Duty to issue new debt obligation
(2) If the owner of a debt obligation claims that the debt obligation has been lost, destroyed or wrongfully taken, the issuer shall issue a new debt obligation in place of the original one if the owner
(a) so requests before the issuer has notice that the debt obligation has been acquired by a good faith purchaser;
(b) provides the issuer with a sufficient indemnity bond or, in Quebec, a sufficient guarantee; and
(c) satisfies any other reasonable requirements imposed by the issuer.
Duty to register transfer
(3) If, after the issue of a new debt obligation under subsection (2), a good faith purchaser of the original debt obligation presents the original one for registration of transfer, the issuer shall register the transfer unless registration would result in an overissue to which section 54 applies.

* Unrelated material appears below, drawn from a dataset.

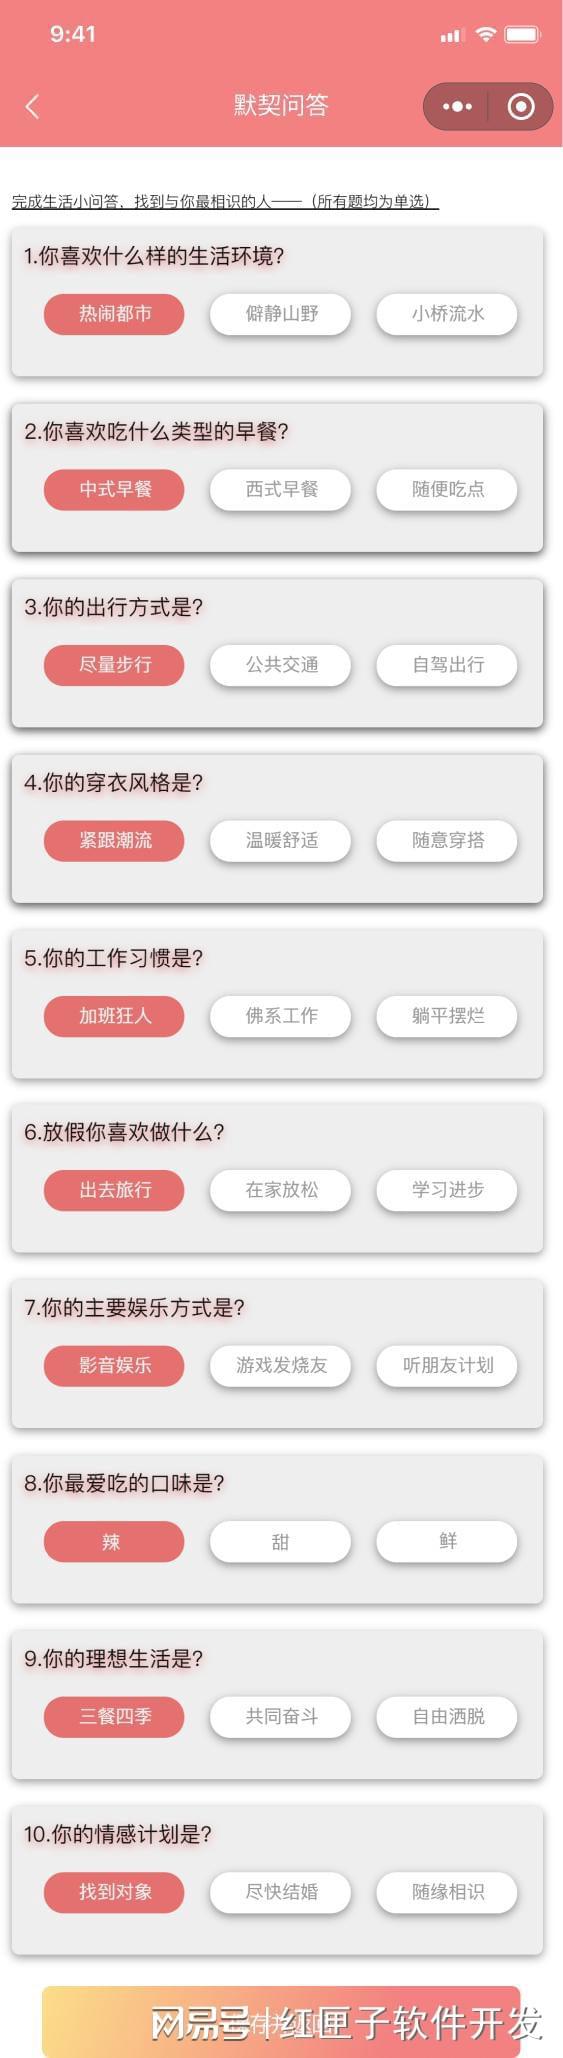 婚恋相亲交友系统开南宫28官网发前景及需求方案-广州软件开发(图2)

Right of issuer to recover
(4) In addition to the rights that an issuer has by reason of an indemnity bond or, in Quebec, a guarantee, the issuer may recover the new debt obligation issued under subsection (2) from the person to whom it was issued or any person taking under that person other than a good faith purchaser.
Duty
102. An authenticating trustee, transfer agent or other agent or mandatary of an issuer has, in respect of the issue, registration of transfer and cancellation of a debt obligation of the issuer,
(a) a duty to the issuer to exercise good faith and reasonable diligence; and
(b) the same obligations to the holder or owner of the debt obligation and the same rights, privileges and immunities as the issuer.
Notice to agent or mandatary
103. Notice to an authenticating trustee, transfer agent or other agent or mandatary of an issuer is notice to the issuer in respect of the functions performed by the agent or mandatary.